RAG Code Example (LangChain Chain)

from langchain.chains import create_retrieval_chain
from langchain.chains.combine_documents import create_stuff_documents_chain
from langchain_core.prompts import ChatPromptTemplate
from langchain_openai import ChatOpenAI

# 1. Setup LLM and Retriever
llm = ChatOpenAI(model="gpt-4o")
retriever = vectorstore.as_retriever() # From previous ChromaDB example

# 2. Create Prompt Template
system_prompt = (
    "You are an assistant for question-answering tasks. "
    "Use the following pieces of retrieved context to answer "
    "the question.

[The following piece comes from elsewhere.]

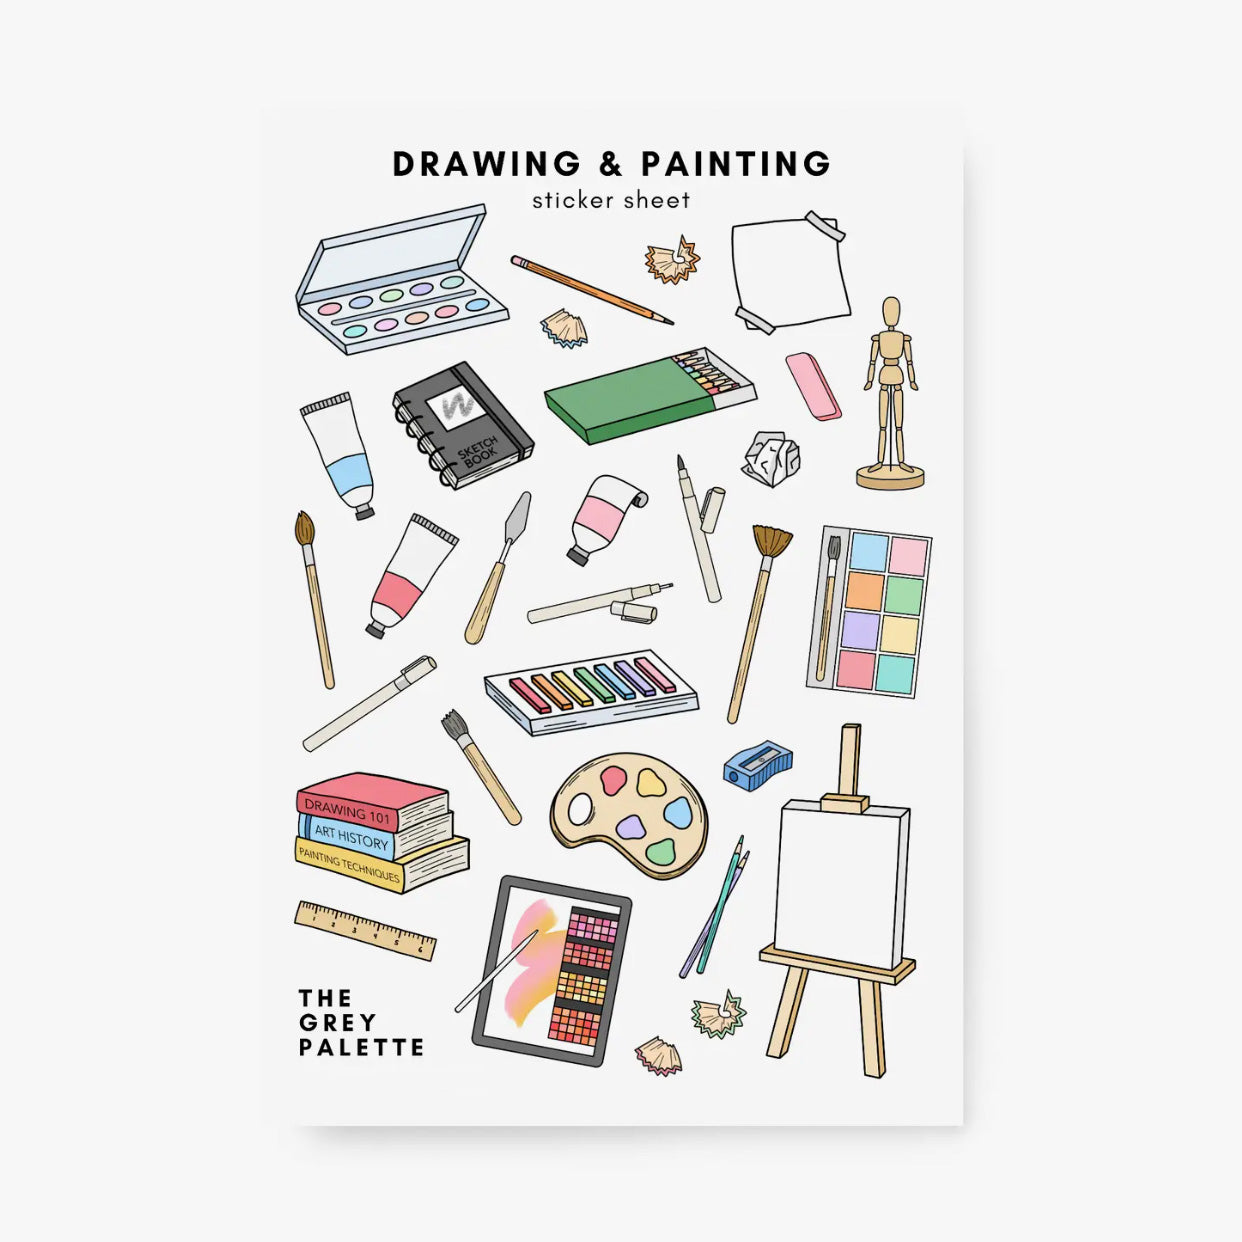 This sticker sheet freatures illusrations of paining and drawing tools perfect for a craft enthusiast or journaling addict. This sticker sheet is designed by The Grey Palette and sold at BBB Supplies Craft Shop.

If you don't know the answer, say that you "
    "don't know. Use three sentences maximum and keep the "
    "answer concise."
    "\n\n"
    "{context}"
)

prompt = ChatPromptTemplate.from_messages(
    [
        ("system", system_prompt),
        ("human", "{input}"),
    ]
)

# 3. Create the Chain
# 'stuff' chain puts all docs into the context variable
question_answer_chain = create_stuff_documents_chain(llm, prompt)
rag_chain = create_retrieval_chain(retriever, question_answer_chain)

# 4. Run RAG
response = rag_chain.invoke({"input": "What is semantic search?"})
print(response["answer"])

Summary of RAG Benefits

  • Up-to-date Knowledge: Can answer questions about recent data without re-training the model.
  • Reduced Hallucination: Grounding the model in retrieved facts makes it less likely to make things up.
  • Source Citation: You can show exactly which documents were used to generate the answer.